Explaining, “This down payment on the needs of our communities begins to meet the full scale of our country’s climate, poverty, and inequality emergencies and reform a tax system rigged in favor of the wealthy and large corporations,” the groups say:

The passage of this plan would be an important move toward addressing the interlocking crises of poverty, inequality, climate change, and racism. Ultimately, our nation needs a 3rd Reconstruction to provide living wages, strengthen our democracy, curb violence and militarism in our communities, and prioritize the millions of poor and low-income people in the country and their needs. To advance toward that goal, Congress must step up and do the right thing and live up to its Constitutional and moral commitments to establish justice and the general welfare. Now is not the time to let deep-pocketed corporate lobbyists stand in the way of vital public investments in an economy that works for all of us.

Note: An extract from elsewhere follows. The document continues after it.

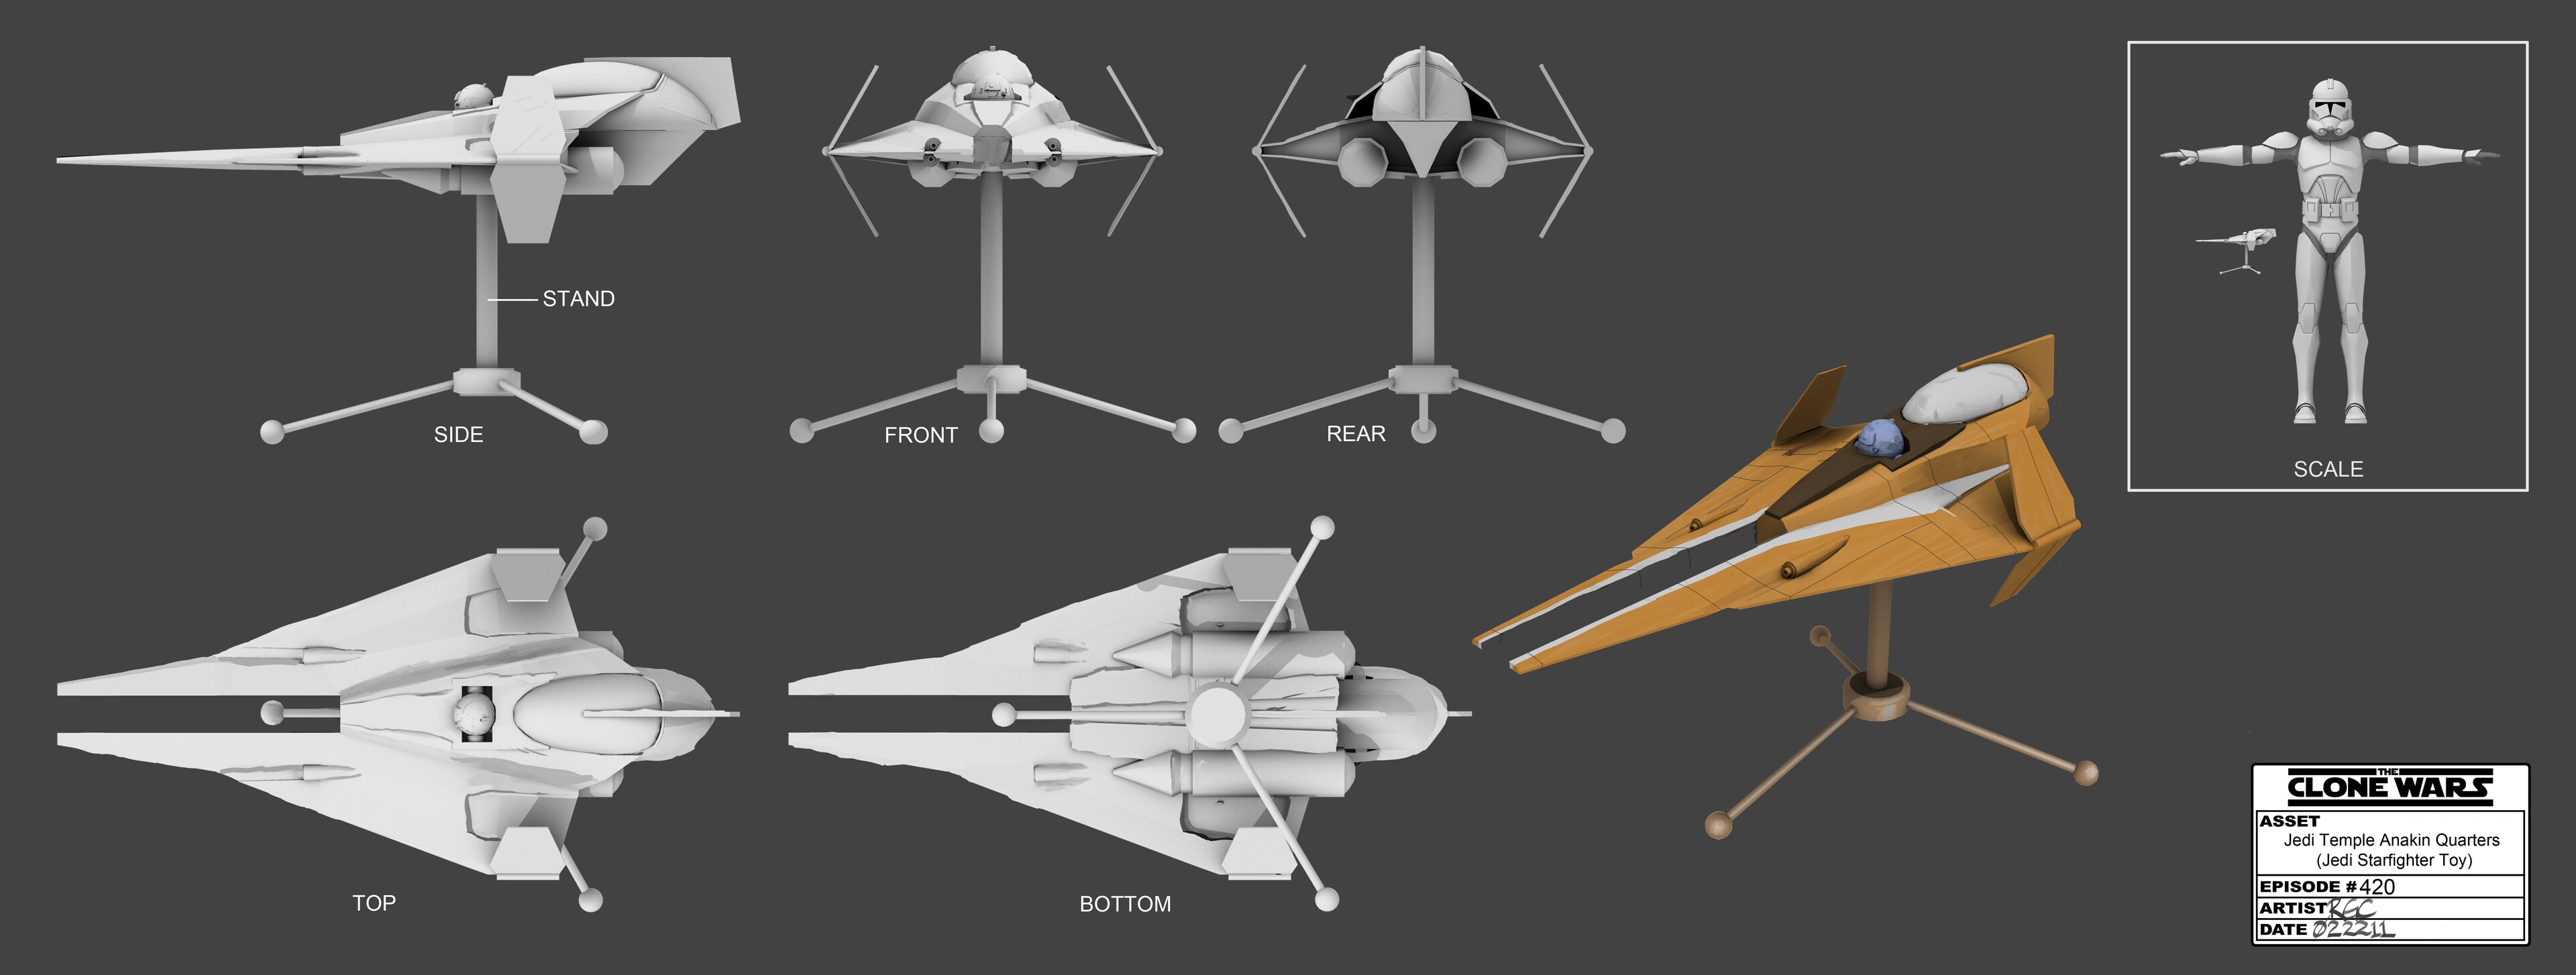 Anakin's Jedi starfighter toy illustration (dated February 22, 2011).

While Manchin and his “centrist” compatriots parrot Republican fretting about debt and deficits, the groups push back, arguing, “Lawmakers’ desire to fully pay for these investments should not affect the size or scope of the package. Congress can easily raise more than $3.5 trillion in revenue from corporations and the wealthy who have seen their profits and net worth skyrocket for decades. The wealth of the country’s 708 billionaires alone rose by $1.8 trillion, or 62 percent, during the pandemic—enough to pay for half of the ten-year cost of the $3.5 trillion package.”

That’s a powerful message. If Joe Biden is sincere about wanting be as bold as former Democratic presidents such as Franklin Delano Roosevelt and Lyndon Johnson, he should embrace it, amplify it, and take it on the road—to West Virginia and every other state where a Democratic senator is deferring to lobbyists rather than delivering for the American people.